On a 2's complement machine with a "count the number of leading zeros"
instruction, anyone can find the number of trailing zeros with a
(small) constant additionaly amount of work.

Conversely, on a 2's complement machine with a "count the number of
trailing zeros" instruction, I am aware of no fast method of counting
leading zeros.

I pose the former problem as an exercise to the reader.  Can anyone
give a solution to the latter problem?
				/AHM/THX

    Thanks, Alan, for pointing out what I had forgotten: that AC1 is
    fair game in FORTRAN-10 function routines.
    
    I still have a nagging feeling that there is a version of this
    algorithm which would operate on more than 2 bits at a time.  After
    all, it's merely a binary adaptation of the grade school paper and
    pencil method, and that one looks at a pair of decimal digits on
    each pass.  Can you think of a simple way of examining 4 bits at
    a time?

    There is a recent article in IEEE Proceedings, Vol 75 #2, p. 262,
    about sqrts with a Digital Signal Processor.
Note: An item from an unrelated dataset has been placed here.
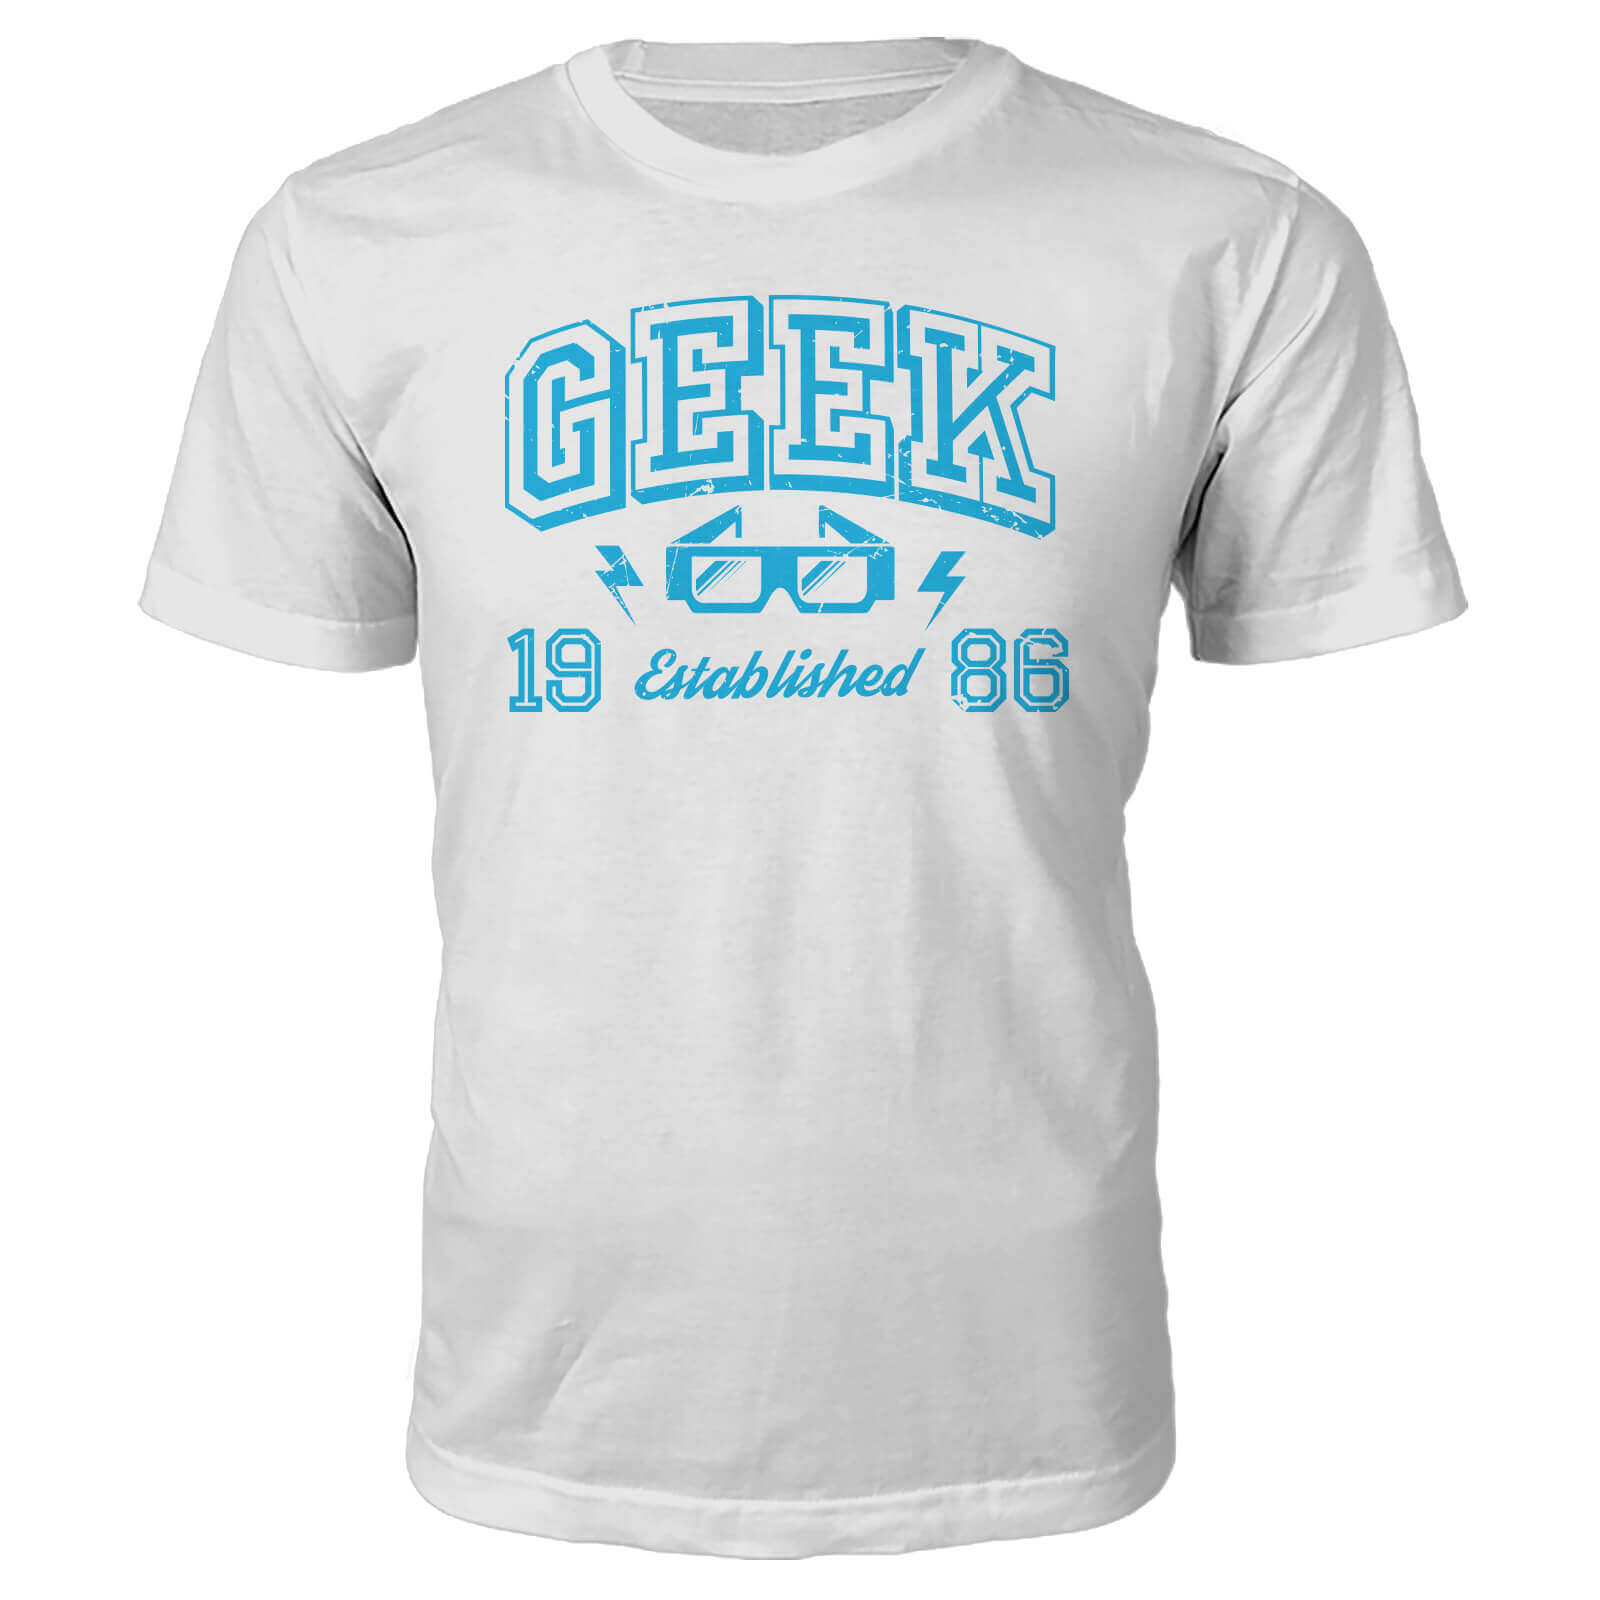 Geek Established 1980's T-Shirt- White - XL - 1986

It may be worth a look.
    
    Lynn

re .11:

> On a 2's complement machine with a "count the number of leading zeros"
> instruction, anyone can find the number of trailing zeros with a
> (small) constant additionaly amount of work.

Let the word size of the machine be N.  Let the argument be A.
If the "count the number of leading zeros" operator is leading(x), then
the number of trailing zeros is:

	trailing( A ) = N - leading( and( A, -A ) ) - 1

This is because and( A, -A ) yields a bit mask with a single 1 in the position
of the rightmost set bit in the argument.